Joint Optimization of Communication Rates and Linear Systems

IEEE Transactions on Automatic Control, 48(1):148-153, January 2003.
Shorter version appeared in Proceedings of the Conference on Decision and Control, December 2001.

• rate_alloc.pdf

• rate_alloc_cdc01.pdf

We consider a linear system, such as a controller or estimator, in which several signals are transmitted over communication channels with bit rate limitations. We focus on finding the allocation of communication resources such as transmission powers, bandwidths, or time-slot fractions, that yields optimal system performance. Assuming conventional uniform quantization and a standard white-noise model for quantization errors, we consider two specific problems. In the first, we assume that the linear system is fixed and address the problem of allocating communication resources to optimize system performance.
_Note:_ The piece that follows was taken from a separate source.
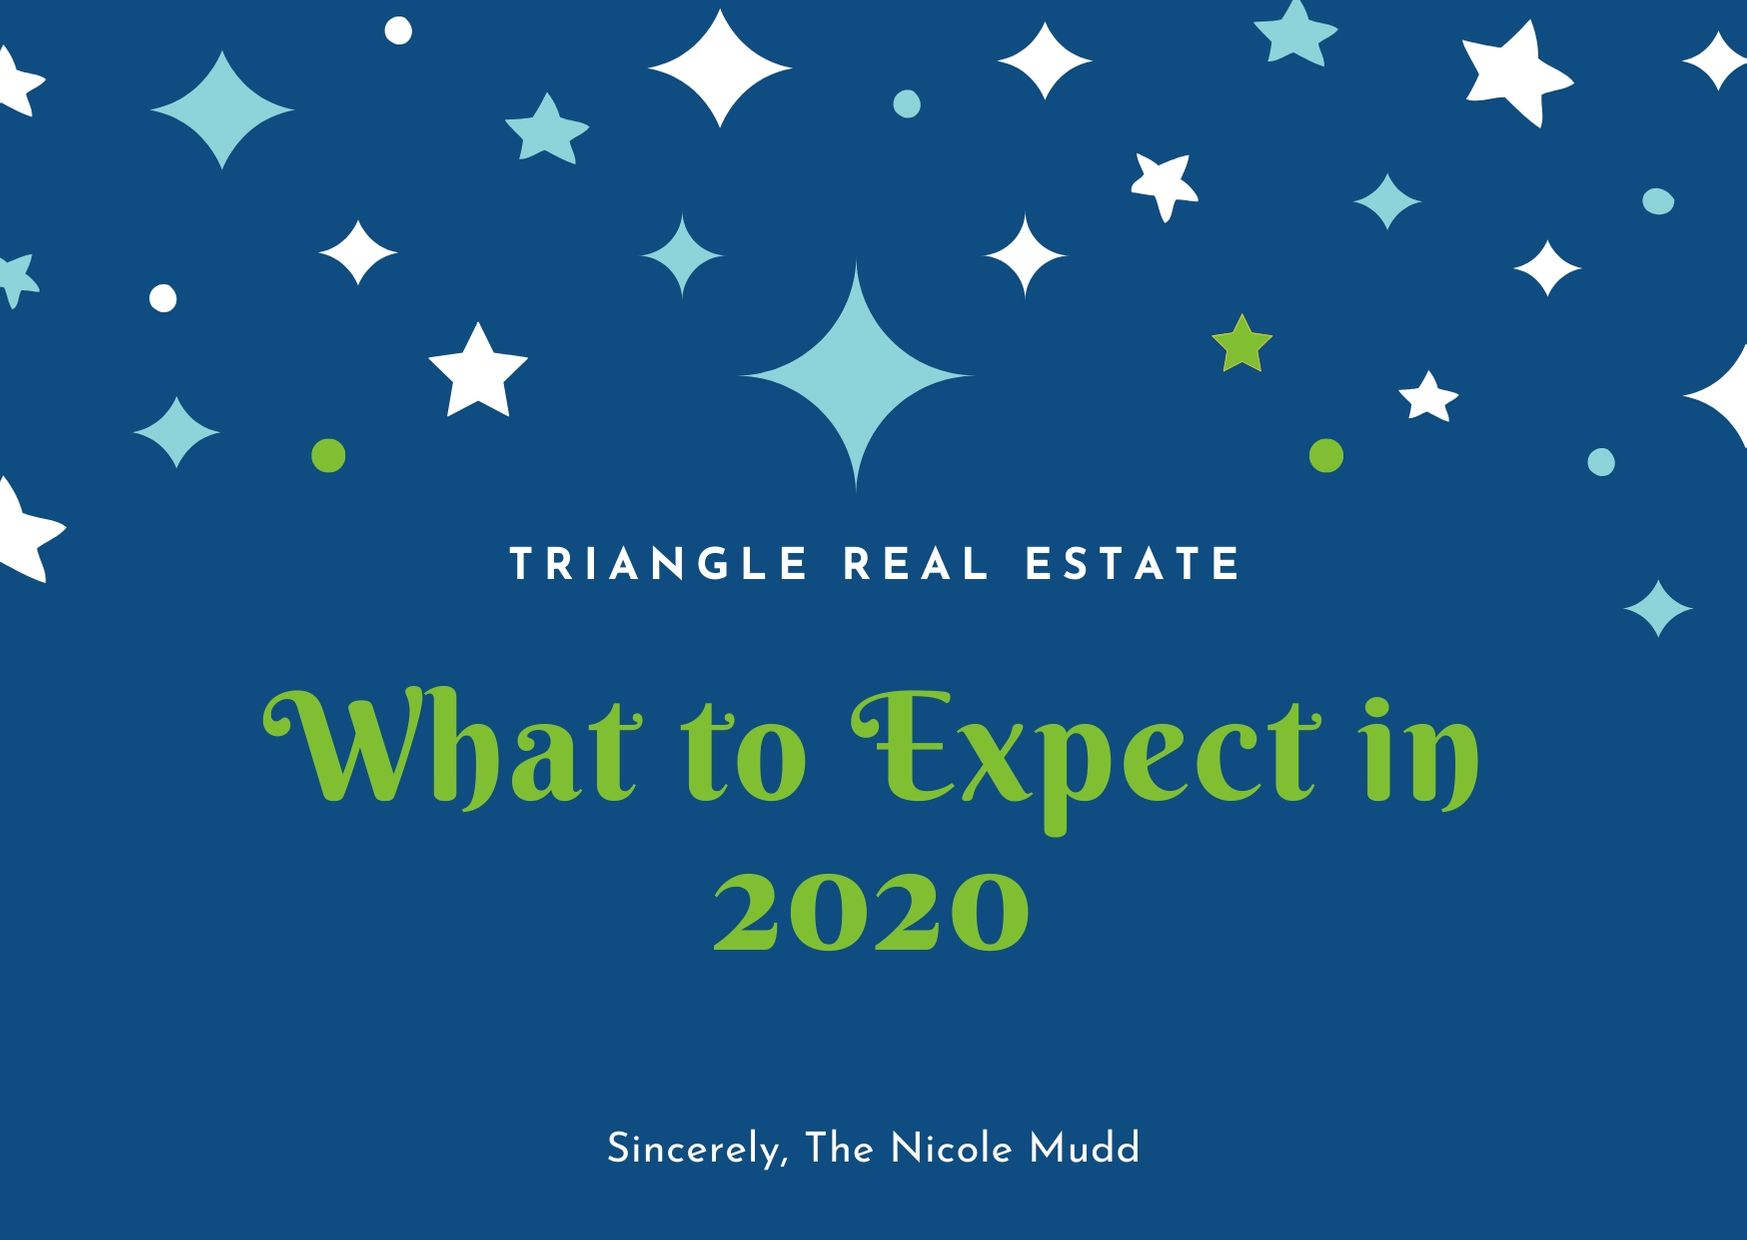 Happy 2020 from Nicole Mudd
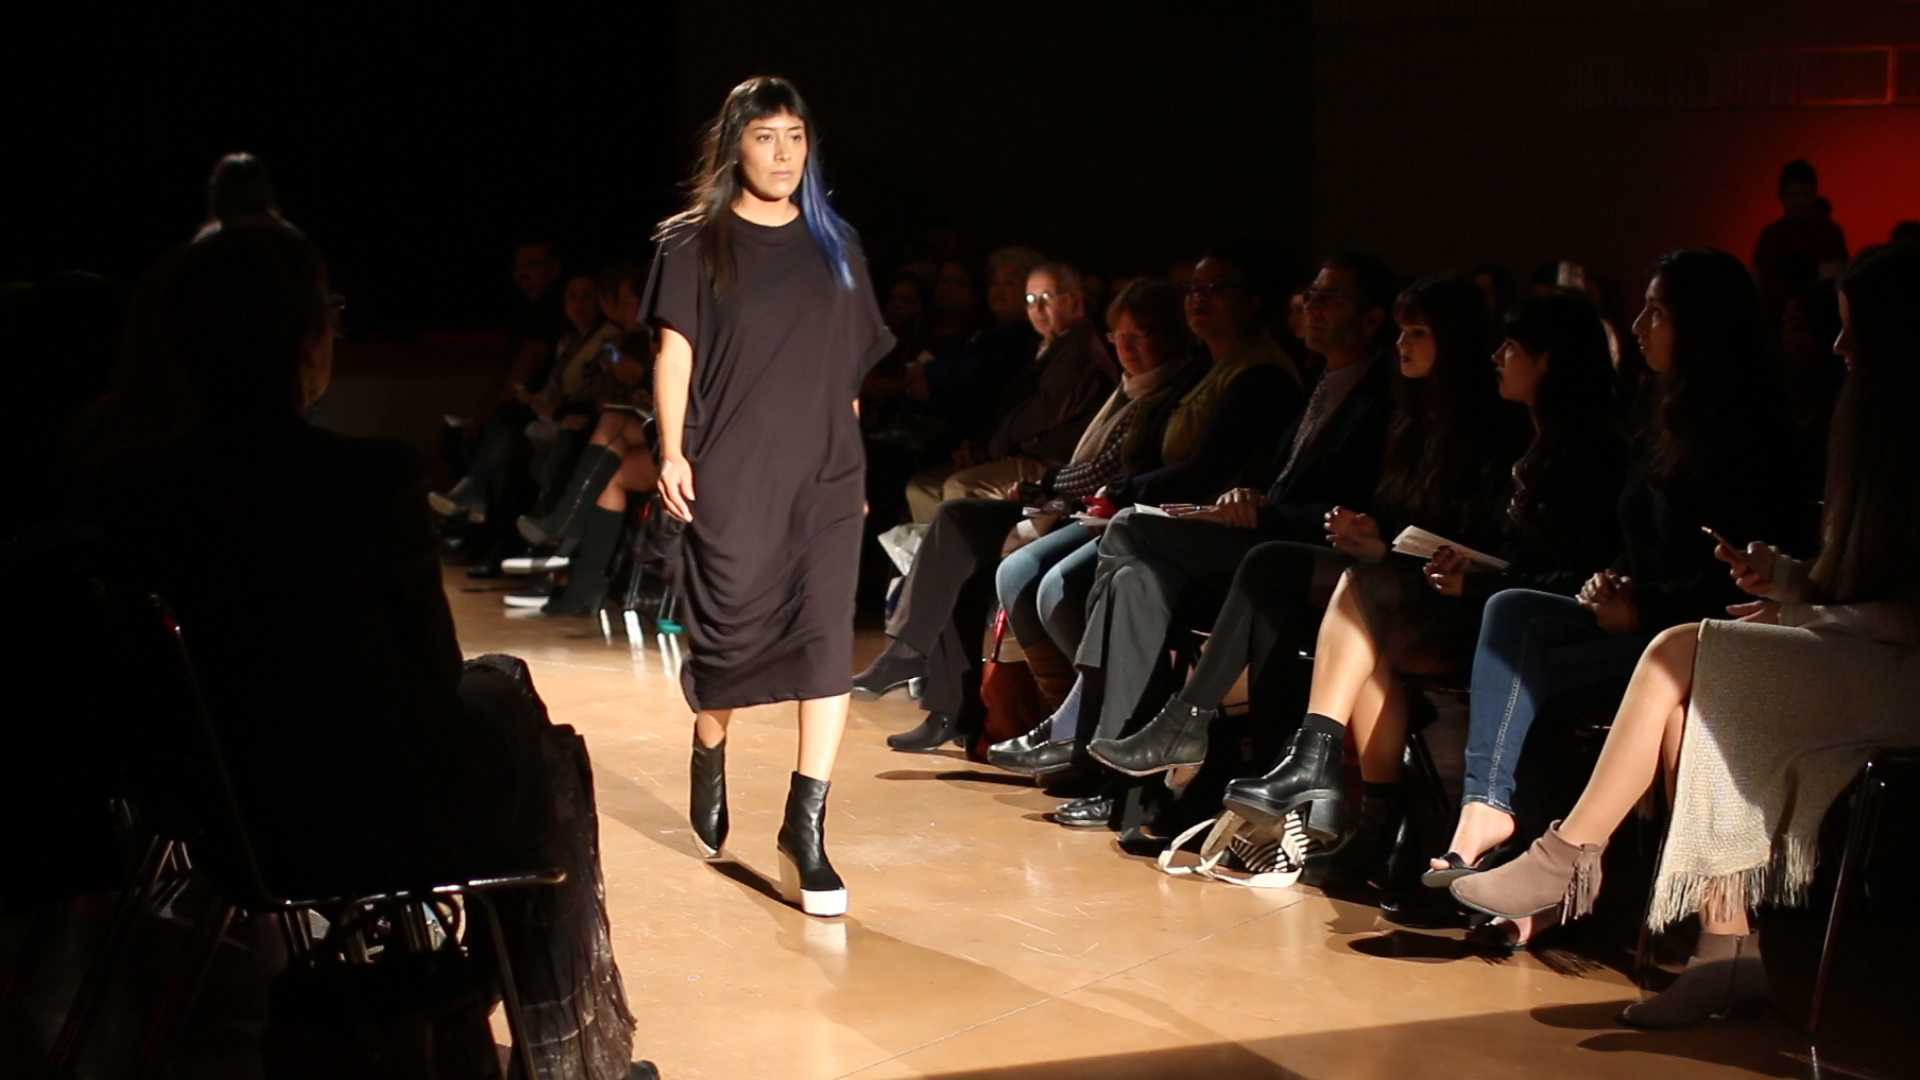 SF State fashion designer major Lia Herrera walks down the runway at the annual fashion show themed

We observe that this problem is often convex (at least, when we ignore the constraint that individual quantizers have an integral number of bits), hence readily solved. We describe a general dual decomposition method for solving these problems that exploits the special structure often found in network resource allocation problems. This method reduces to the standard waterfilling techniques used in problems with only one coupling constraint. We briefly describe how the integer bit constraints can be handled, and give a bound on how suboptimal these heuristics can be. The second problem we consider is that of jointly allocating communication resources and designing the linear system in order to optimize system performance. This problem is in general not convex, but can be solved heuristically in a way that exploits the special structure of the communication resource allocation problems, and appears to work well in practice. We demonstrate these ideas and methods on two numerical examples. In the first, we consider a networked estimator in which sensors transmit measurements over a multiple access channel, and we optimize bandwidth, power allocation, and bit rates to the sensors. In the second example, we consider a networked LQG controller, in which the sensor signals are transmitted over a multiple access channel and the actuator signals are transmitted over a broadcast channel. The sensor and actuator channels have separate power limits, but share a common bandwidth constraint. Here we allocate power and bandwidth to each actuator and sensor channel, as well as the total bandwidth available to the sensors and actuators, and in addition optimize the controller itself.